Das machte die Weserhütte zu einem wichtigen Ziel der Alliierten. Karfreitag 1945 starben nach Wilhelm Siegmanns Recherchen 192 Menschen bei einem Bombenangriff. »Das Fatale war, dass der Werksalarm vier Minuten später losging, als der Fliegeralarm. Da waren die Flugzeuge schon da.«

Nach dem Krieg verlegten die Briten das Hauptquartiert nach Bad Oeynhausen und beschlagnahmten das Gelände. Es diente zunächst als Reparaturwerkstatt. Nach und nach wurden deutsche Arbeiter eingestellt und Fabrikhallen wieder freigegeben. »Im Herbst 1945 produzierte man wieder Ersatzteile für Bagger. Man versuchte, die Wirtschaft wieder anzukurbeln«, sagt Wilhelm Siegmann.

Dann kam das Ende

Die Baggerproduktion entwickelte sich weiter, das Betriebsgelände an der Mindener Straße wuchs auf 240.000 Quadratmeter. In den 1960er Jahren wurde begonnen, Seilbagger zu bauen. »1968 wurde ein Spezialbagger für den Elbtunnel gebaut, das war schon innovativ«, sagt Wilhelm Siegmann.
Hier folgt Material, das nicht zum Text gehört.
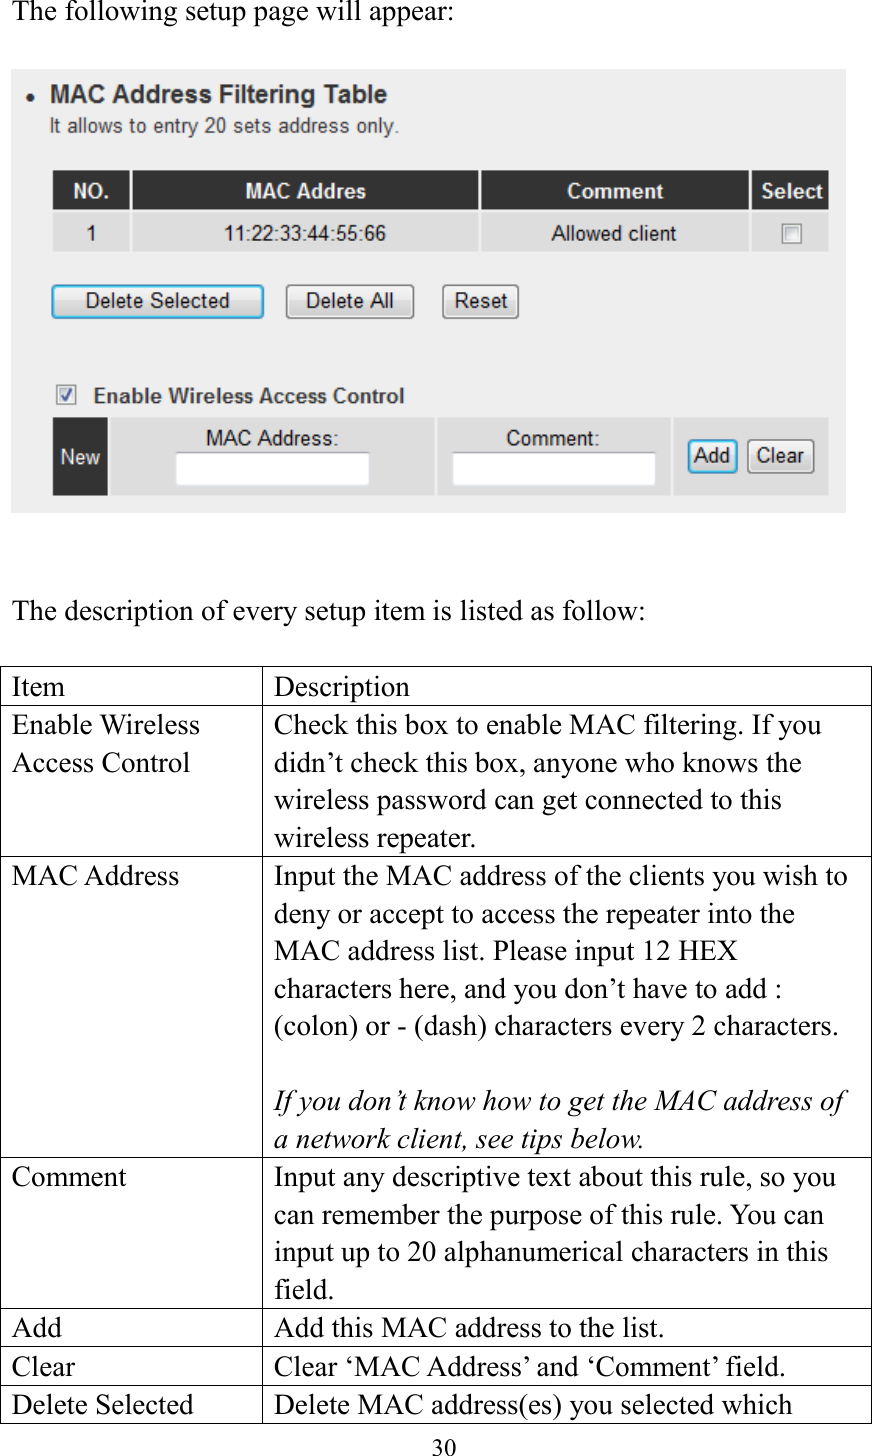  30  The following setup page will appear:     The description of every setup item is listed as follow:  Item Description Enable Wireless Access Control Check this box to enable MAC filtering. If you didn’t check this box, anyone who knows the wireless password can get connected to this wireless repeater. MAC Address Input the MAC address of the clients you wish to deny or accept to access the repeater into the MAC address list. Please input 12 HEX characters here, and you don’t have to add : (colon) or - (dash) characters every 2 characters.  If you don’t know how to get the MAC address of a network client, see tips below. Comment Input any descriptive text about this rule, so you can remember the purpose of this rule. You can input up to 20 alphanumerical characters in this field. Add Add this MAC address to the list. Clear Clear ‘MAC Address’ and ‘Comment’ field. Delete Selected Delete MAC address(es) you selected which

Dennoch wurde fehlende Innovationskraft dem Unternehmen schließlich zum Verhängnis: »Sie haben die Hydraulikbagger verpennt und sind immer bei ihren Seilbaggern geblieben«, sagt Siegmann. Im Jahr 1971 gab es zudem starke Umsatzeinbußen, weil viele Aufträge in Fremdwährung bezahlt wurden: »Der Divisen-Schwund machte auch der Weserhütte zu schaffen.«

Darüber hinaus seien alle kleinen Unterfirmen an den verschiedenen Standorten selbstständig gewesen. »Jeder wollte sich selbst retten, deshalb ging möglicherweise die gesamte Firma pleite«, vermutet Wilhelm Siegmann. 1987 ging die Firma in Konkurs.

Vortrag im Stadtarchiv

Wilhelm Siegmann wird die Ergebnisse seiner Recherche bei der Jahreshauptversammlung des Arbeitskreises für Heimatpflege, am Donnerstag, 14. Februar, von 18 Uhr an im Stadtarchiv in Bad Oeynhausen, Von-Moeller-Straße 9, präsentieren. Auf dem Programm stehen außerdem der Bericht über die Aktivitäten des vergangenen Jahres sowie ein Ausblick auf die geplanten Veranstaltungen des Arbeitskreises in diesem Jahr. Ausklingen soll der Abend in gemütlicher Runde mit westfälischem Eintopf.